[[ Information shown open ]]

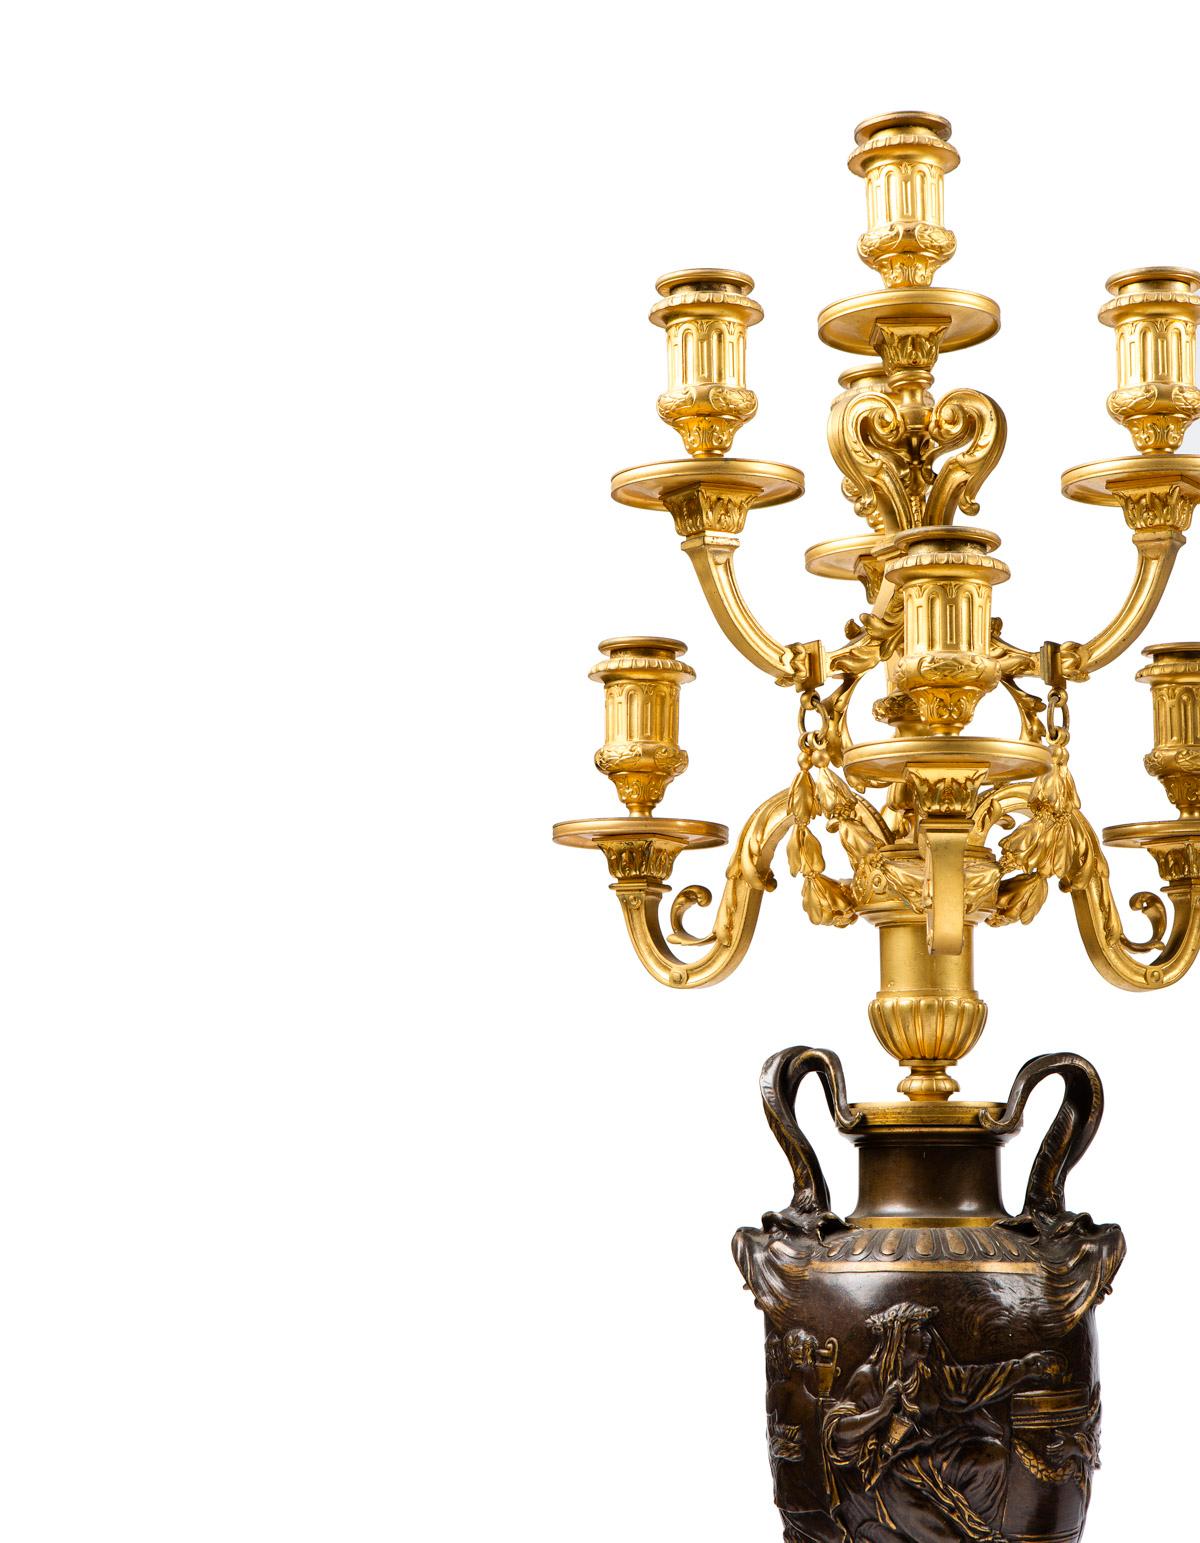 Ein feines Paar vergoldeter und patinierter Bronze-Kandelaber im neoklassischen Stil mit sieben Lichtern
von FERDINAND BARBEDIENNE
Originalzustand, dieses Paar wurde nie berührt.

[[ Information shown closed ]]

▶ _Exercise requirements_: Word for word, return the material above, but drop the pictures.

▶ _Your solution_:
 Ein feines Paar vergoldeter und patinierter Bronze-Kandelaber im neoklassischen Stil mit sieben Lichtern
von FERDINAND BARBEDIENNE
Originalzustand, dieses Paar wurde nie berührt.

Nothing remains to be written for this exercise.